Identification of stage-accumulated mRNAs – To identify mRNAs accumulated (stage-accumulated mRNAs) in a single or two consecutive developmental stages, a differential regulation analysis was performed with DESeq2 (see 2.3.4) by taking the read counts of the replicates of all CO samples as input. In total, four statistical tests were performed independently. These included a likelihood ratio test for the identification of mRNAs with significantly different levels between any two stages (adjusted p-value <0.05) and three pairwise Wald tests (tetrads vs meiotic, tetrads vs mature and post-meiotic vs mature) to figure out between which stages the difference is (adjusted p-value <0.05 and a log2 fold change <-1 or >1). The outcome of this procedure was used for the determination of stage-accumulated mRNAs. mRNAs were considered as stage-accumulated in a single stage if they had significantly higher levels in this stage than in the other two stages. Further, mRNAs were considered as accumulated in two consecutive stages if they had no significant difference between the two stages, but in both stages significantly higher levels than in the remaining third stage. This approach resulted in five groups of stage-accumulated mRNAs, namely mRNAs accumulated in tetrads, tetrads + post-meiotic, post-meiotic, post-meiotic + mature and mature.

Functional enrichment analysis – For the functional characterization of the stage-accumulated mRNAs, all mRNAs of tomato were functionally annotated based on the MapMan ontology. For this purpose, the protein sequences of the mRNAs were submitted to the Mercator web server, which

assigned MapMan terms to each protein sequence, if possible (see 2.3.11). In the next step, a functional enrichment analysis was performed to identify functional categories that are enriched among the stage-accumulated mRNAs. For this purpose, a python script (see 2.3.13) was written, which performs a Fisher’s exact test and a subsequent correction for multiple hypothesis testing via the false discovery rate (FDR) method of Benjamini and Hochberg. The test was performed for all MapMan terms of the second hierarchy level (e.g. protein.synthesis), as this level is available for the majority of mRNAs and sufficient for a clear identification of important processes. Each MapMan term was tested for the null hypothesis that there is no dependency between the term and the stage-accumulated mRNAs, whereby all annotated mRNAs served as background. A rejection of the null hypothesis means that there is a dependency and thus an enrichment of the term among the stage-accumulated mRNAs. The reported p-value of each term was afterwards corrected for multiple hypothesis testing and terms with an adjusted p-value <0.05 considered as enriched.

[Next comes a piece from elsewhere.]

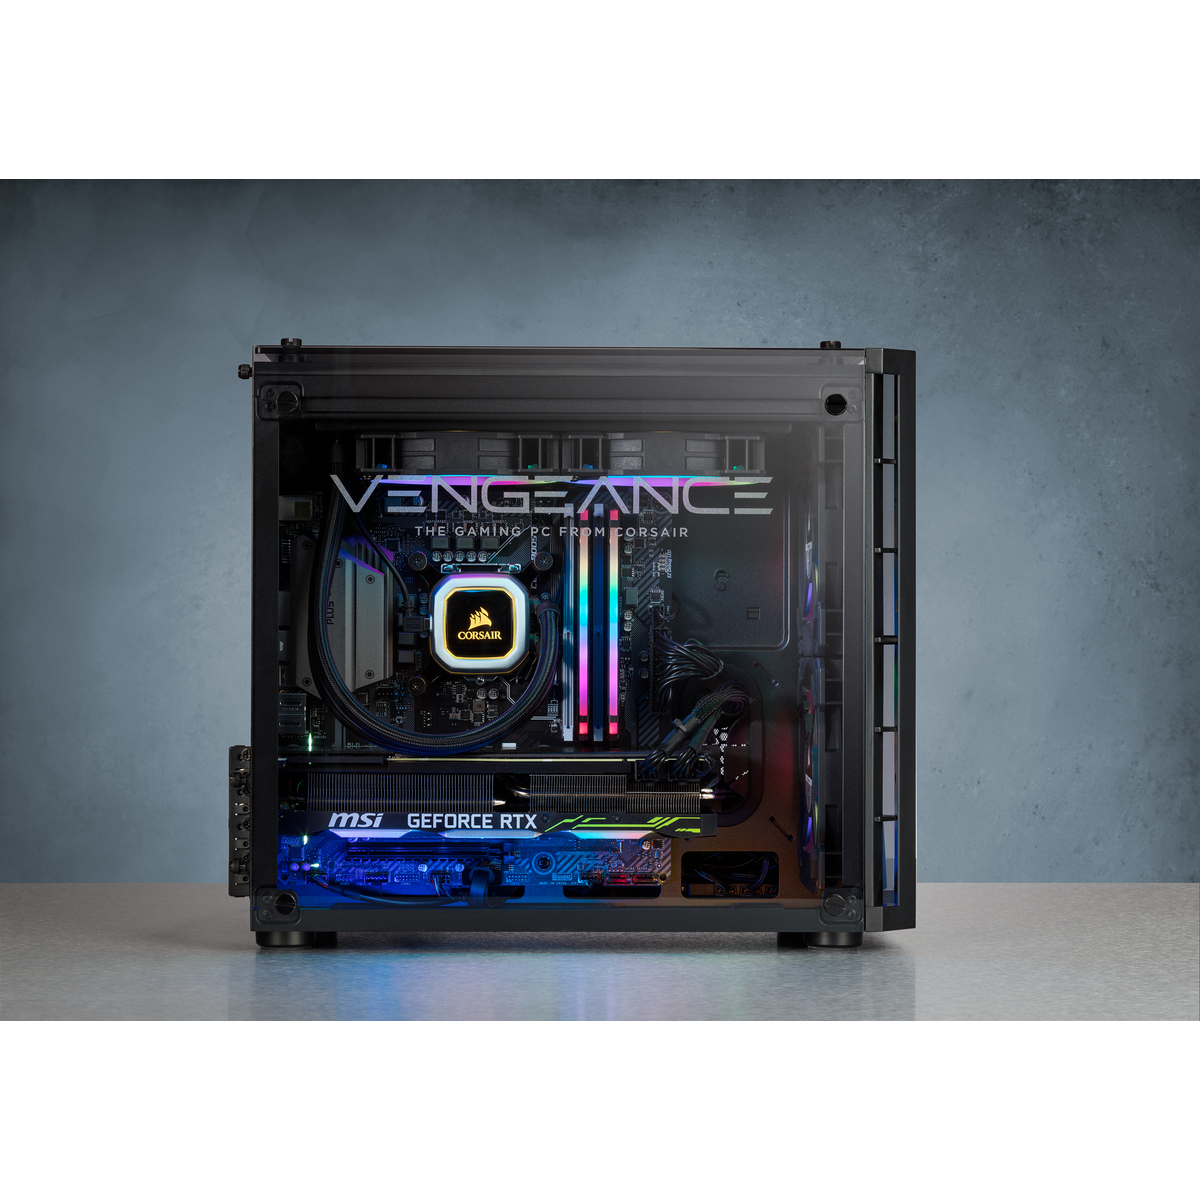 Perfervid Mount Vesuv turnering CORSAIR VENGEANCE 5180 Gaming PC Released – GND-Tech

2.5.4 Collection of of Hsfs and identification of Hsps in tomato

The analysis of Hsfs and Hsps was based on known tomato Hsfs, described by Scharf et al. (2012), and predicted tomato orthologs of A. thaliana Hsps. The ortholog prediction was performed with InParanoid (see 2.3.8) by taking the proteomes of A. thaliana (TAIR10; see 2.2.5) and tomato (ITAG3.2; see 2.2.4) as input. The reported ortholog groups were afterwards screened for groups containing A. thaliana Hsps, which were described by Fragkostefanakis et al. (2015). Tomato genes assigned to the same group as A. thaliana Hsps were considered as tomato Hsps.

2.5.5 Analysis of mRNAs differentially regulated in response to HS

Differentially regulated mRNAs upon HS – For the identification of mRNAs with differentially regulated levels in response to HS, for each developmental stage a Wald test was performed with DESeq2, whereby the read counts of the replicates of the non- and heat-stressed samples were used as input.

mRNAs with an adjusted p-value <0.05 and a log2 fold change <-1 and >1 were considered as down- and upregulated, respectively.

Hsf and Hsp analysis –The HS response of the seven Hsp families (Hsp100, Hsp90, Hsp70, Hsp60, Hsp40, sHsp and Hsp10) and of the Hsf family was analyzed based on the differential expression results of each developmental stage. For this purpose, all members of the Hsp and Hsf families were categorized as downregulated, not regulated or upregulated. Afterwards, the percentage each category constitutes in a family was determined.